Ora, como a luz sempre atua positivamente, rumo à construção, e as

trevas atuam negativamente, rumo à destruição, é certo que, no caso de um

encontro mútuo entre a luz e as trevas, o positivo eliminará o negativo, e não

vice-versa. “A luz brilha nas trevas, mas as trevas não a prenderam”

(extinguiram).

O preceito de amar nossos inimigos é, pois, antes de tudo, um postulado de

caráter metafísico, único capaz de estabelecer solidariedade cósmica.

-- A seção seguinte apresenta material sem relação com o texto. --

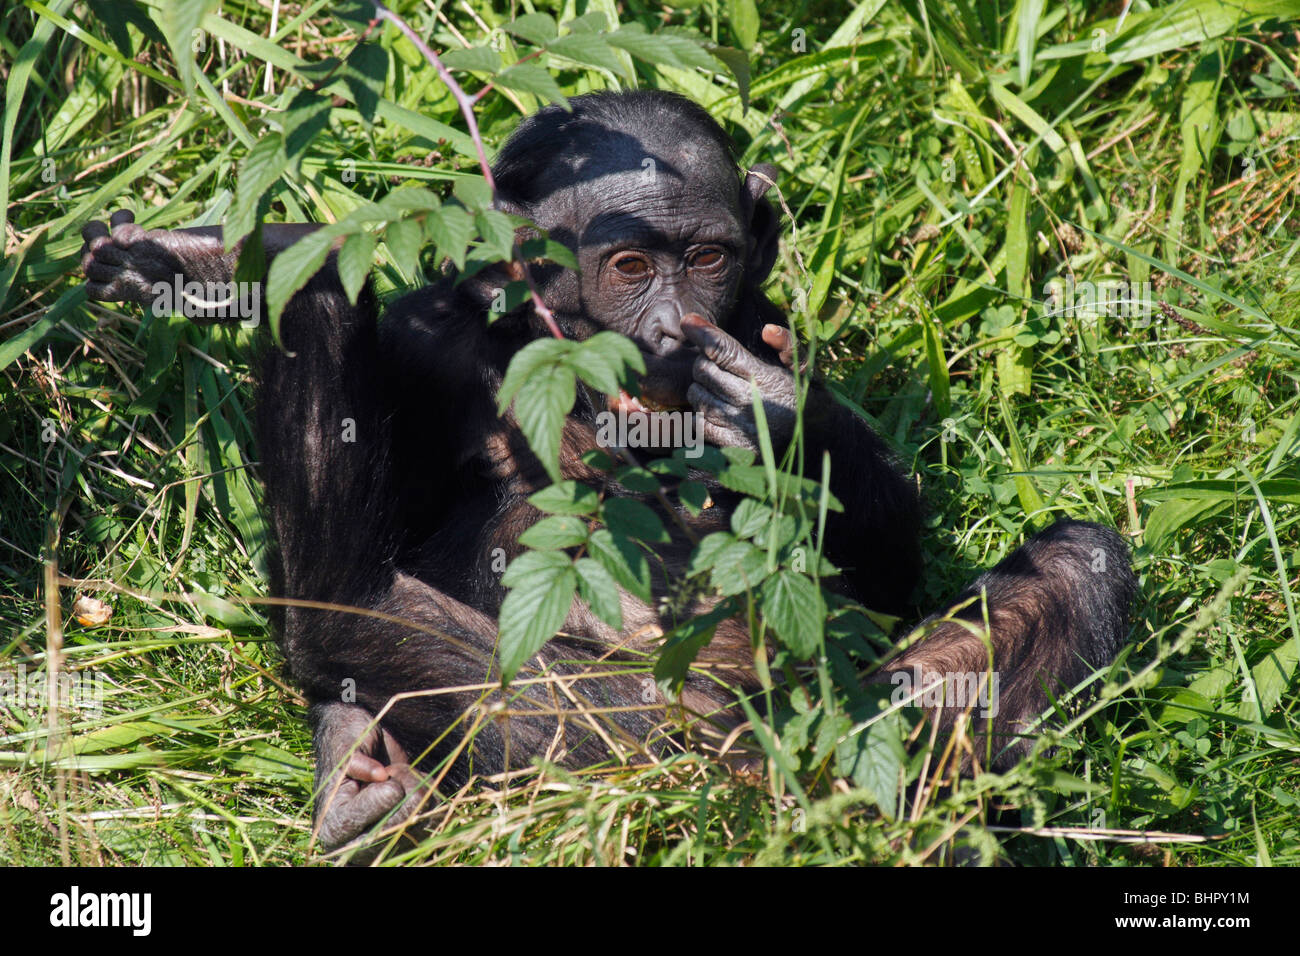 Bonobo Chimpanzee (Pan paniscus), juvenile hiding - Stock Image

Sendo eu de vibração positiva, filho da luz, posso ajudar a quem é

negativo, filho das trevas. Se eu não for positivo, nada poderei fazer em

benefício do meu semelhante negativo, porque ambos estamos no mesmo

plano negativo, fraco, inerte. Mesmo no caso em que eu não tenha ódio real a

meu inimigo, não o posso ajudar eficazmente, porque sou neutro e fraco; só no

caso em que eu seja realmente positivo, pelo amor, é que posso ajudar a quem

está no ódio, contrapondo uma “violência espiritual a uma violência material”,

no dizer de Mahatma Gandhi.

Se odeio a quem me odeia, acrescento negativo a negativo, aumentando

as trevas do mundo.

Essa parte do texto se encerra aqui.